ADRA´NUM or HADRA´NUM (Ἀδρανόν, Diod. Steph. B. sub voce HAITRANUM, Sil. Ital.: Eth. Ἀδρανίτης, Eth. Hadranitanus: Adernò, a city of the interior of Sicily, situated at the foot of the western slope of Mt. Aetna above the valley of the Simeto, and about 7 miles from Centuripi. We learn from Diodorus (14.37) that there existed here from. very ancient times a temple of a local deity named Adranus, whose worship was extensively spread through Sicily, and appears to have been connected with that of the Palici. (Hesych. sub voce Παλικοί.) But there was no city of the name until the year 400 B.C. when it was founded by the elder Dionysius, with a view to extend his power and influence in the interior of the island. (Diod. l.c.) It probably continued to be a dependency of Syracuse; but in 345 B.C. it fell into the hands of Timoleon. (Id. 16.68; Plut.
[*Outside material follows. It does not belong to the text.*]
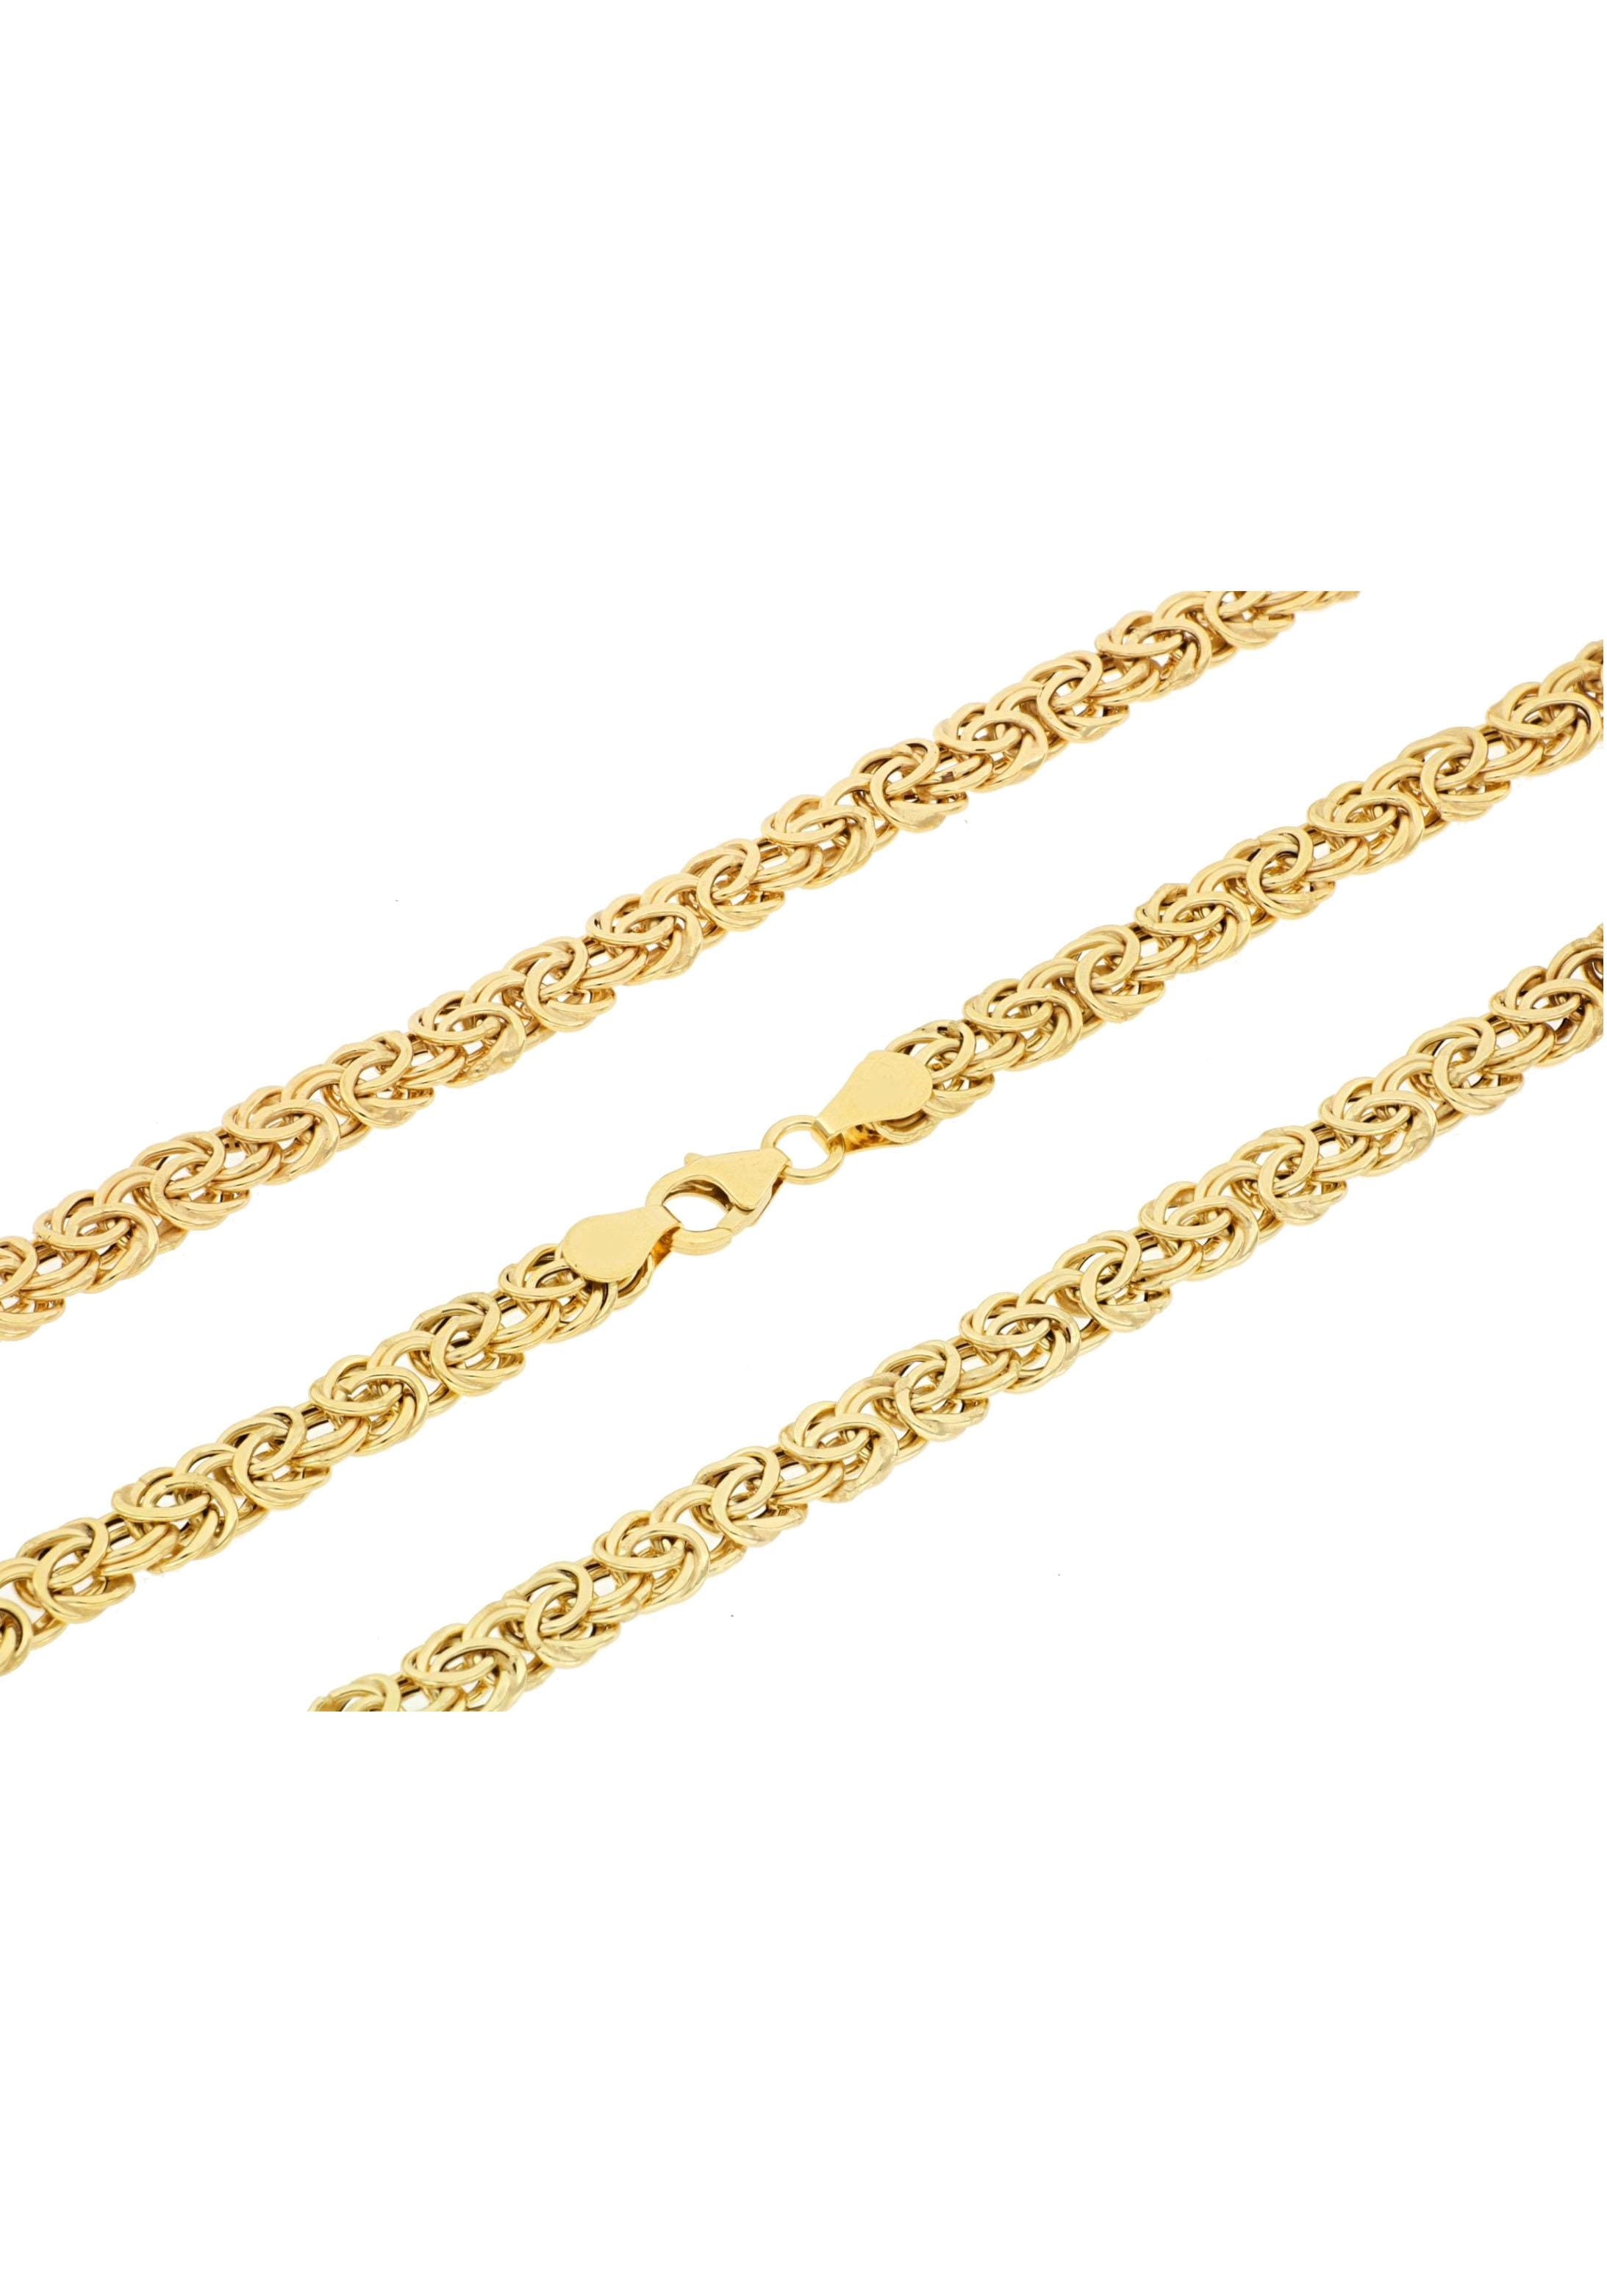 Königskettengliederung« Goldkette kaufen oval, Firetti online »Glanz,

Tim. 12.) It was one of the cities taken by the Romans at the commencement of the First Punic War (Diod. xxiii. Exc. Hoesch. p. 501), and probably on this account continued afterwards in a relation to Rome inferior to that of most other Sicilian cities. This may perhaps account for the circumstance that its name is not once mentioned by Cicero (see Zumpt ad Cic. Verr. 3.6, p. 437); but we learn from Pliny that it was in his time included in the class of the “stipendiariae civitates” of Sicily. (H. N. 3.8.)

Both Diodorus and Plutarch speak of it as a small town owing its importance chiefly to the sanctity of its temple; but existing remains prove that it must have been at one time a place of some consideration. These consist of portions of the ancient walls and towers, built in a massive style of large squared blocks of lava; of massive substructions, supposed to have been those of the temple of Adranus; and the ruins of a large building which appears to have belonged to Roman Thermae. Numerous sepulchres also have been discovered and excavated in the immediate neighbourhood. The modem town of Adernò retains the ancient site as well as name: it is a considerable place, with above 6000 inhabitants. (Biscari, Viaggio in Sicilia, pp. 57--60; Ortolani, Diz. Geogr. della Sicilia, p. 13; Bull. dell. Inst. Arch. 1843, p. 129.)

Stephanus Byzantinus speaks of the city as situated on a river of the same name: this was evidently no other than the northern branch of the Simeto (Symaethus) which is still often called the Finme d'Aderno.

COIN OF ADRANUM.

[E.H.B]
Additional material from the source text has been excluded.